**DIRECTIONS FOR THIS TASK**. Locate the line that contains "Glücklicher schwarzer Teenager, der" in the data that follows. Copy it and every subsequent line to the end, exactly, excluding pictures.

**PROVIDED MATERIAL**.
§
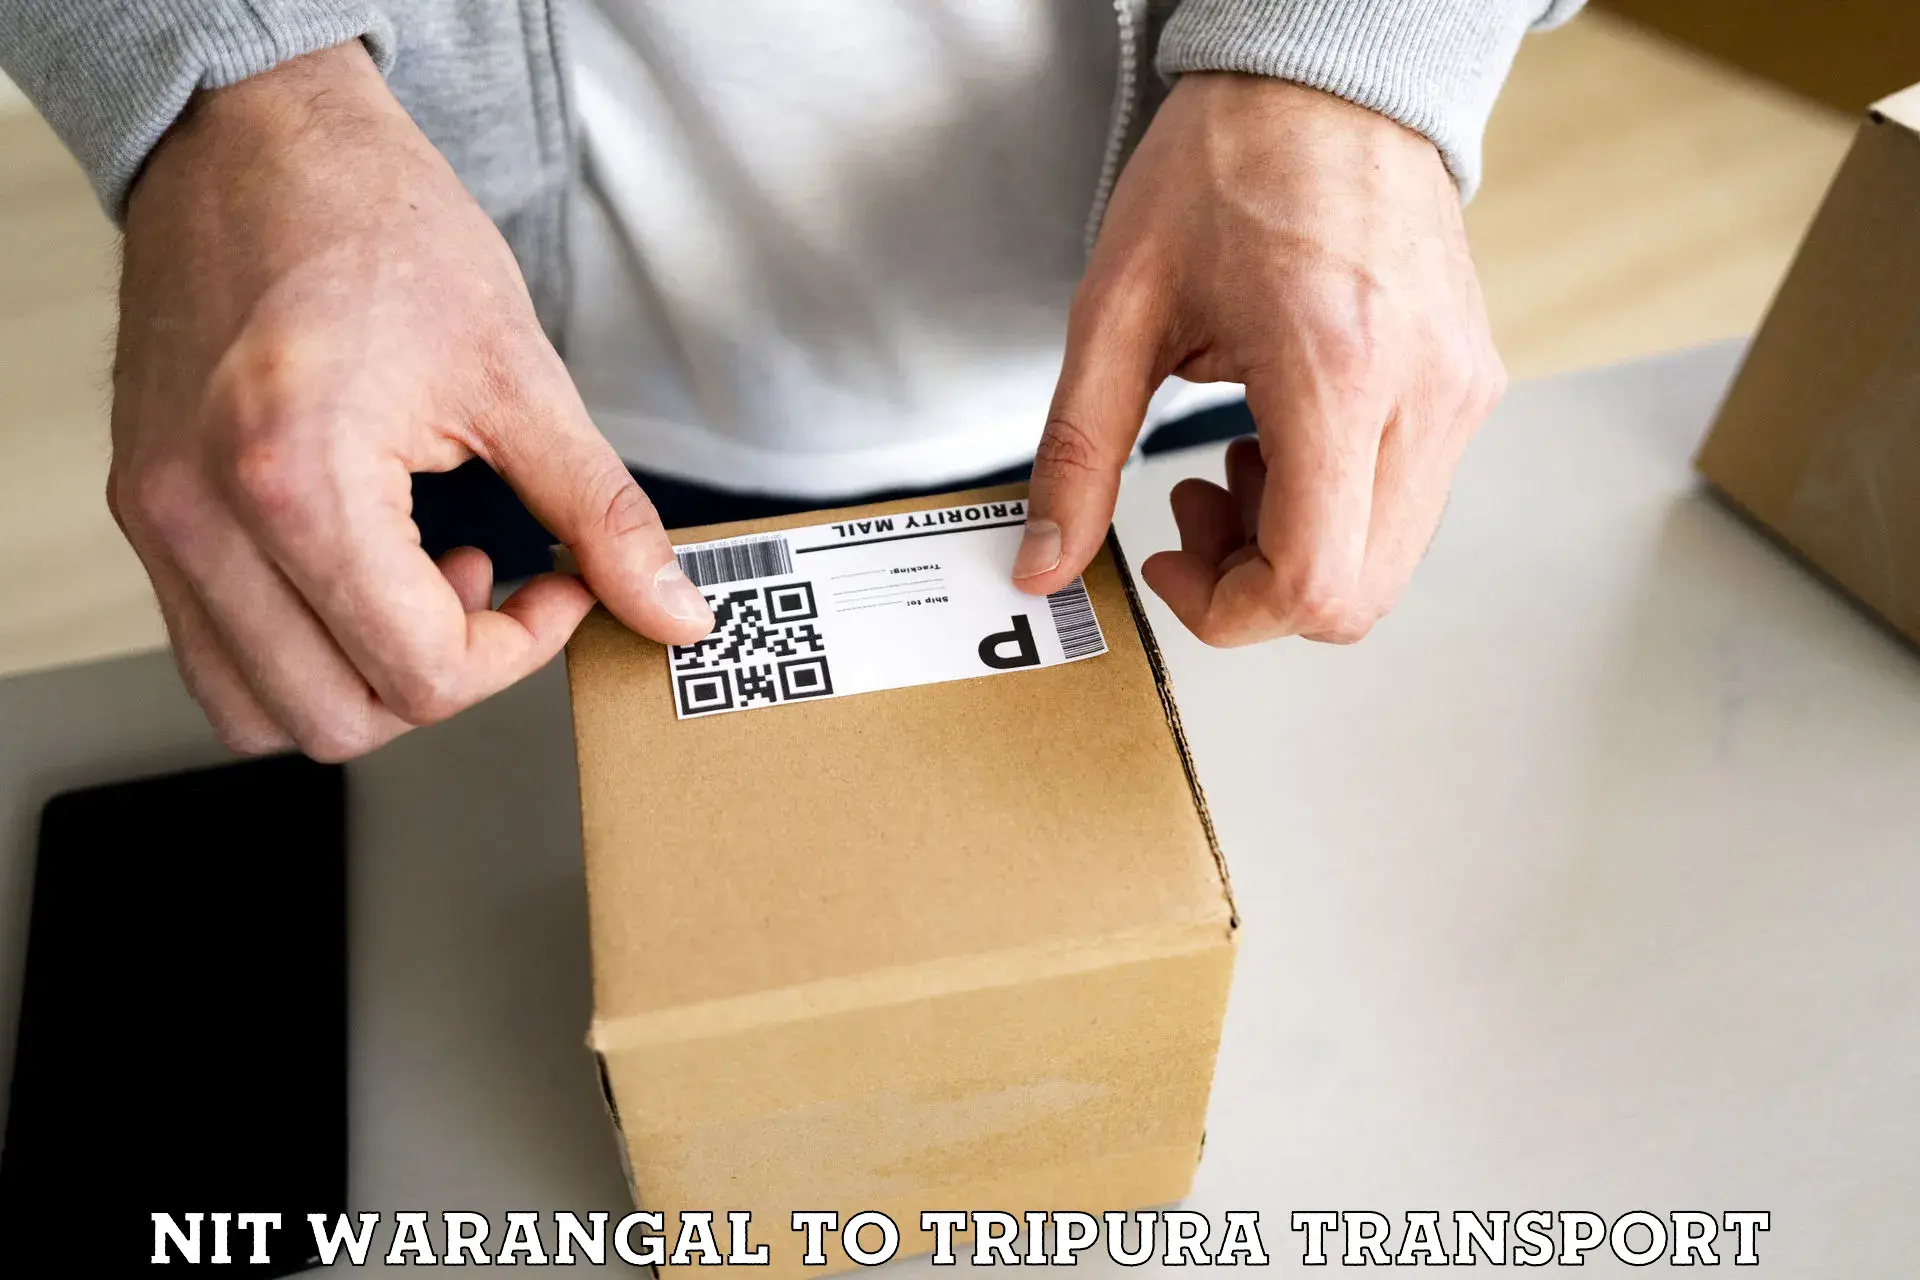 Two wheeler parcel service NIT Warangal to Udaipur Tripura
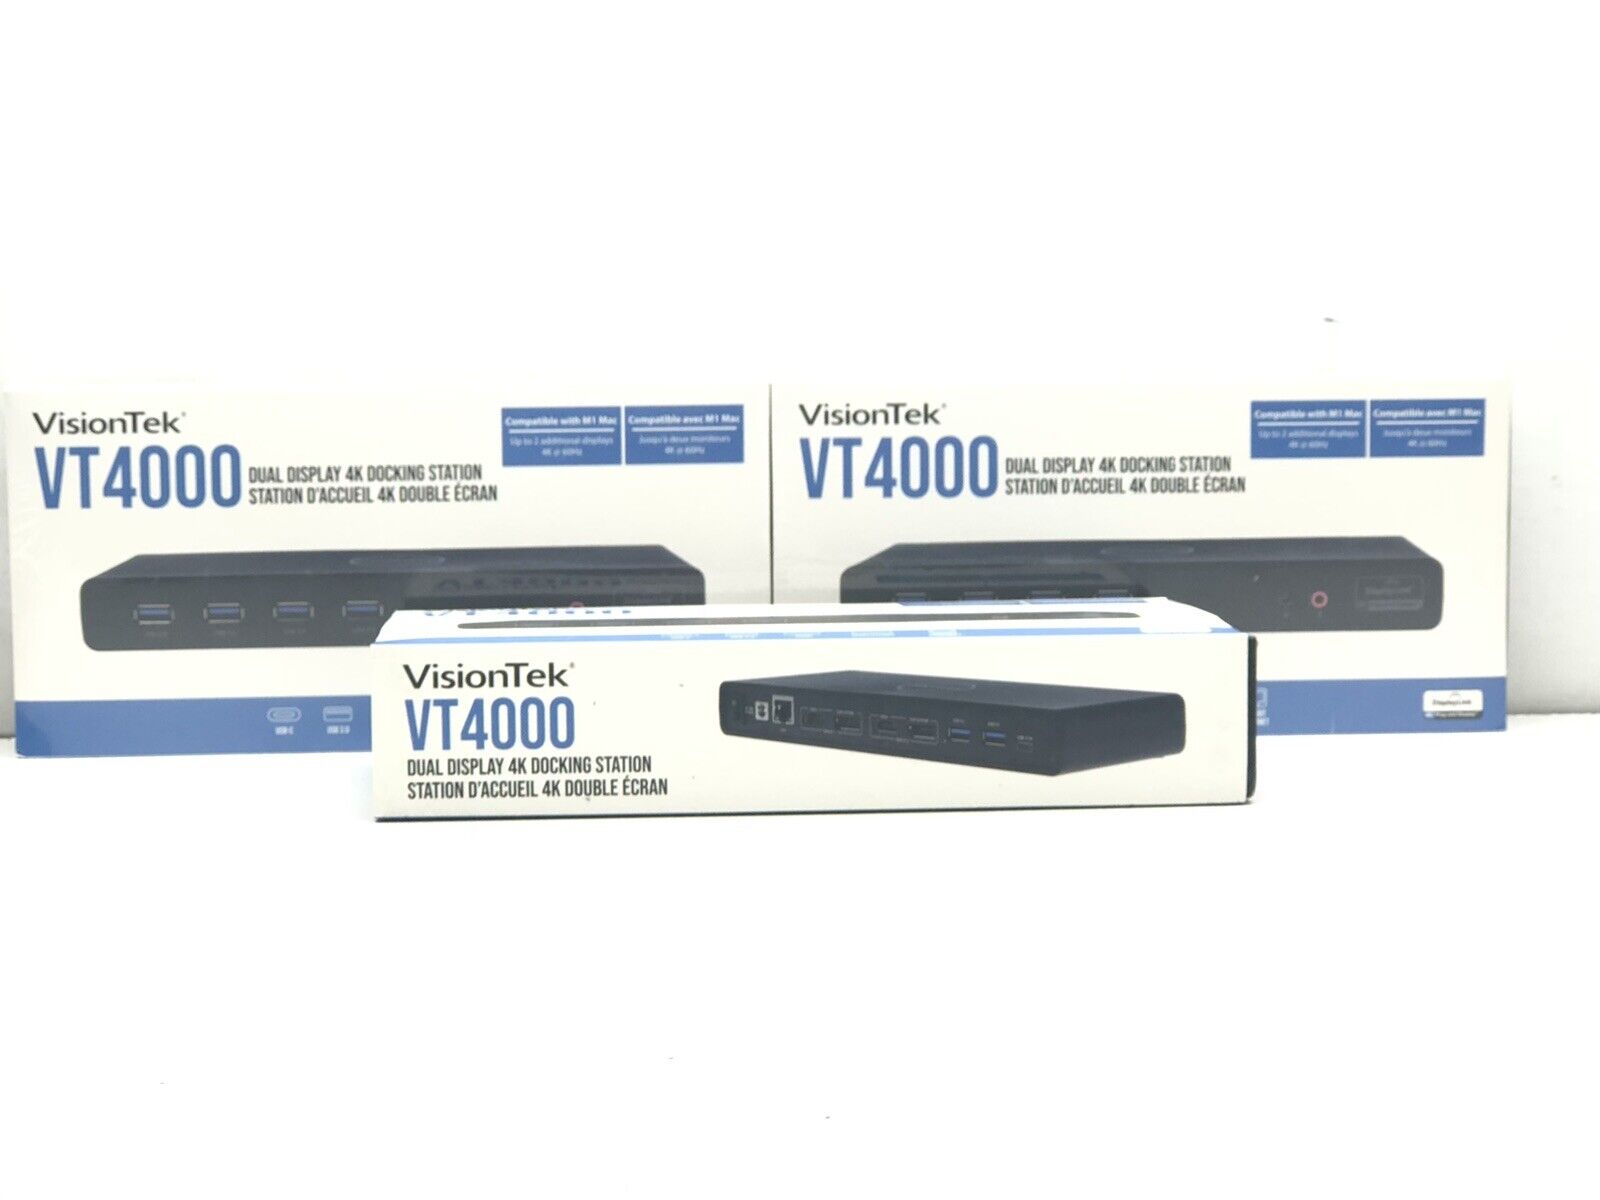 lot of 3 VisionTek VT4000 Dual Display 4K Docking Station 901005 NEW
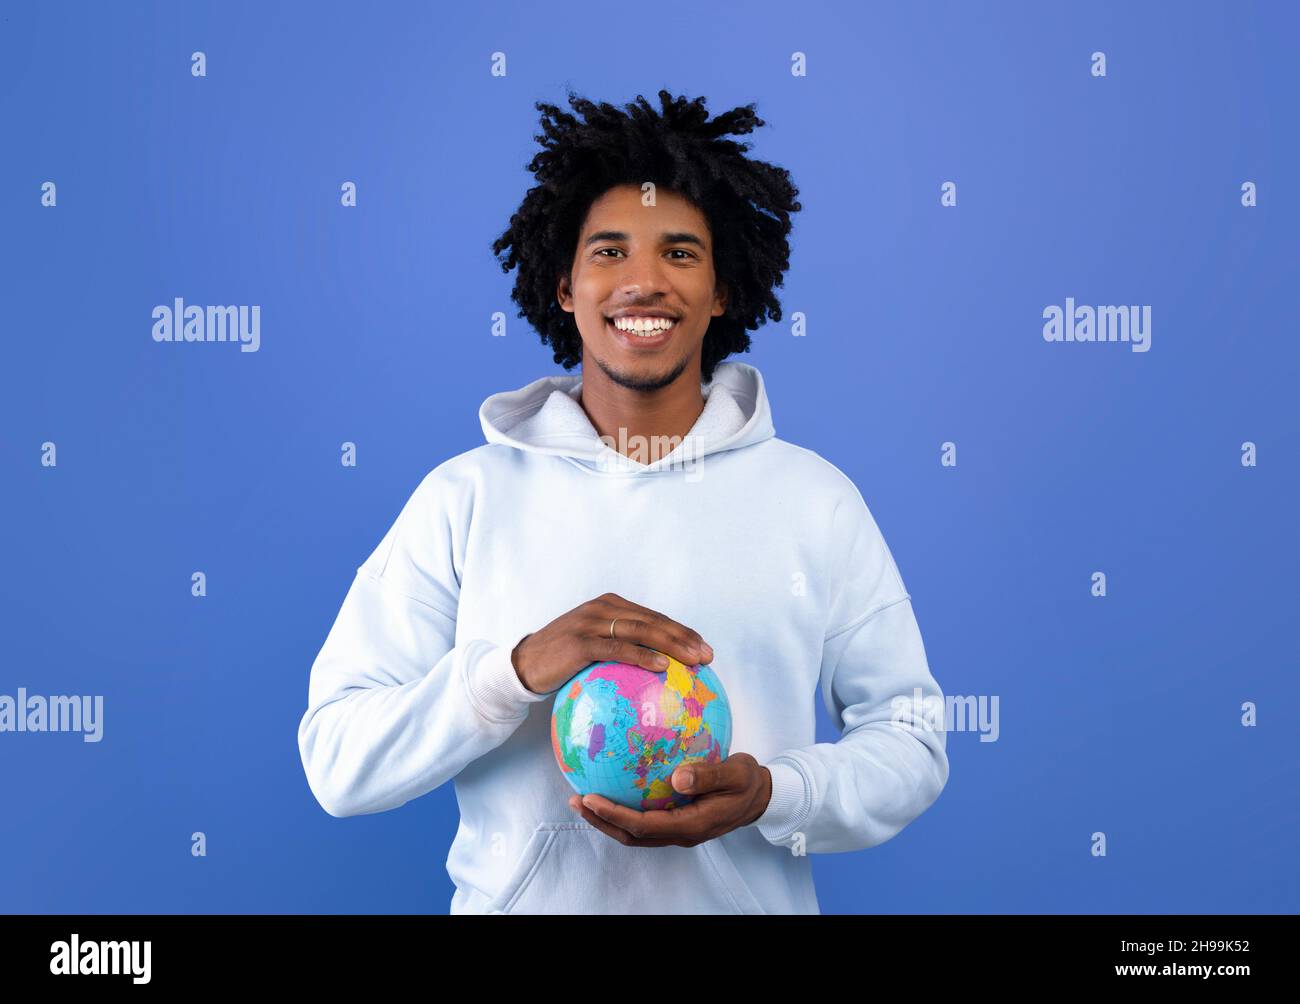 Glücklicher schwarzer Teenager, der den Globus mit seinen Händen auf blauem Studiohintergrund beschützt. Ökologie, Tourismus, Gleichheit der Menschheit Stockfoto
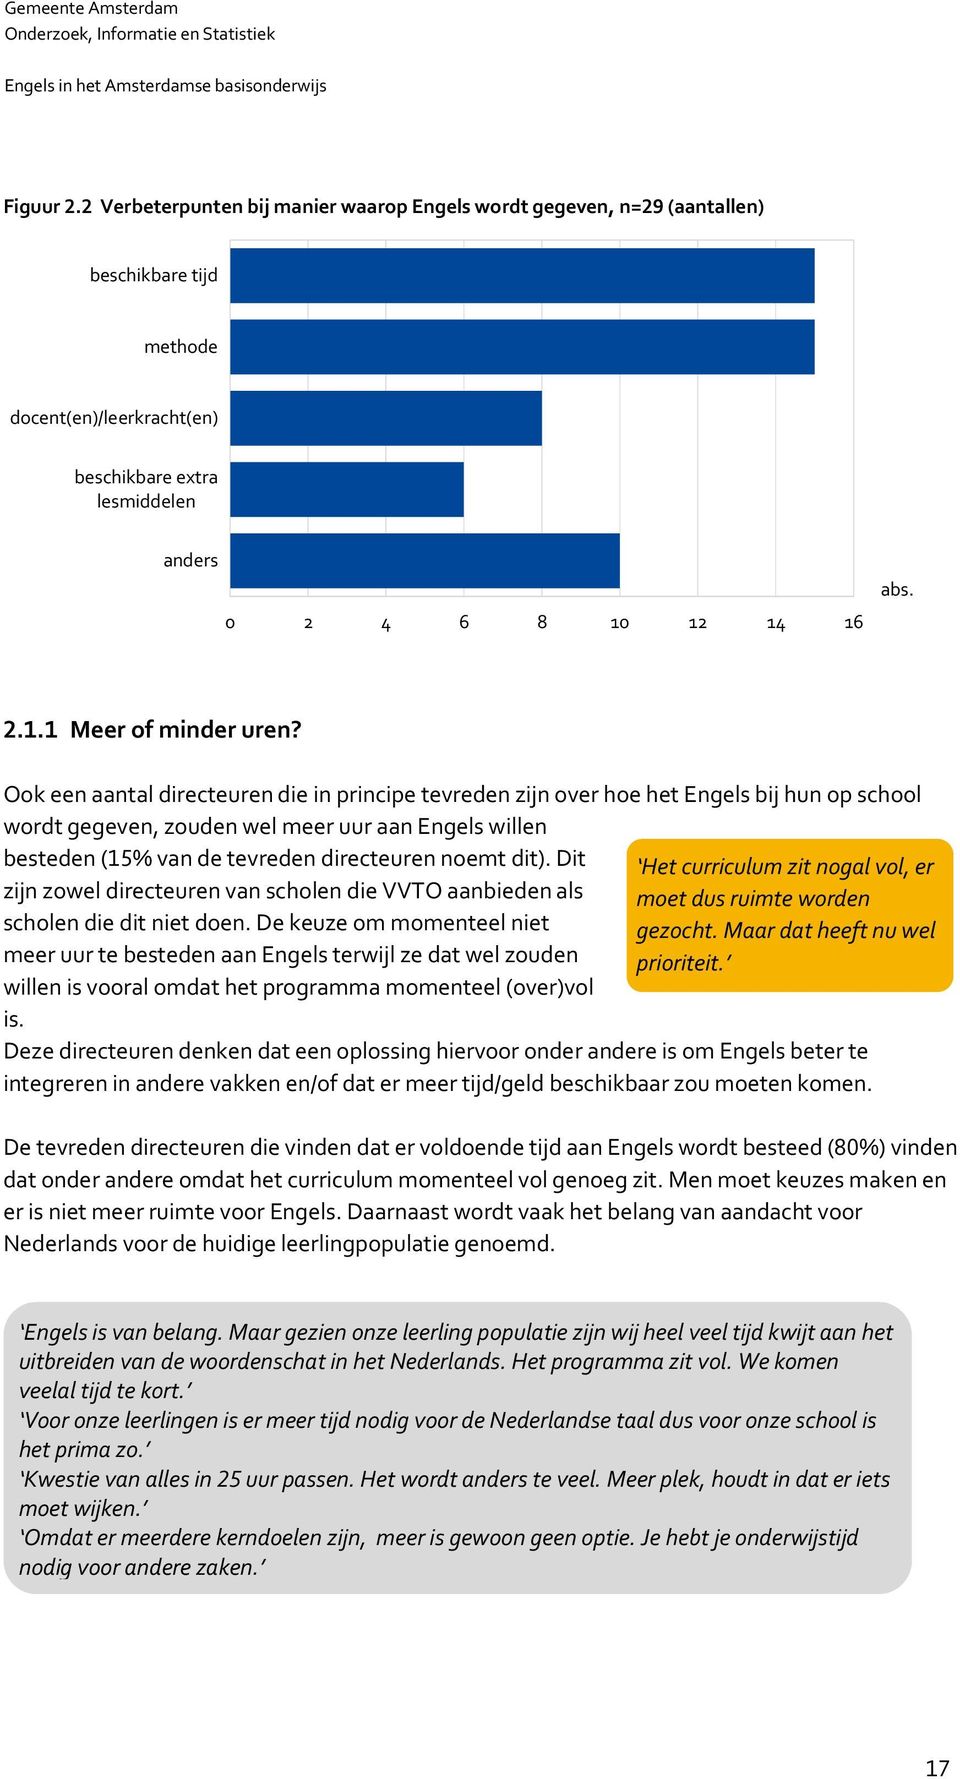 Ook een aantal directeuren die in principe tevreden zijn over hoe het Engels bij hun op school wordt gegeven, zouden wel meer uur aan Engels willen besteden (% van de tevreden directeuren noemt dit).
§
**OUTPUT OF THE EXERCISE**.
 Glücklicher schwarzer Teenager, der den Globus mit seinen Händen auf blauem Studiohintergrund beschützt. Ökologie, Tourismus, Gleichheit der Menschheit Stockfoto
 Ook een aantal directeuren die in principe tevreden zijn over hoe het Engels bij hun op school wordt gegeven, zouden wel meer uur aan Engels willen besteden (% van de tevreden directeuren noemt dit).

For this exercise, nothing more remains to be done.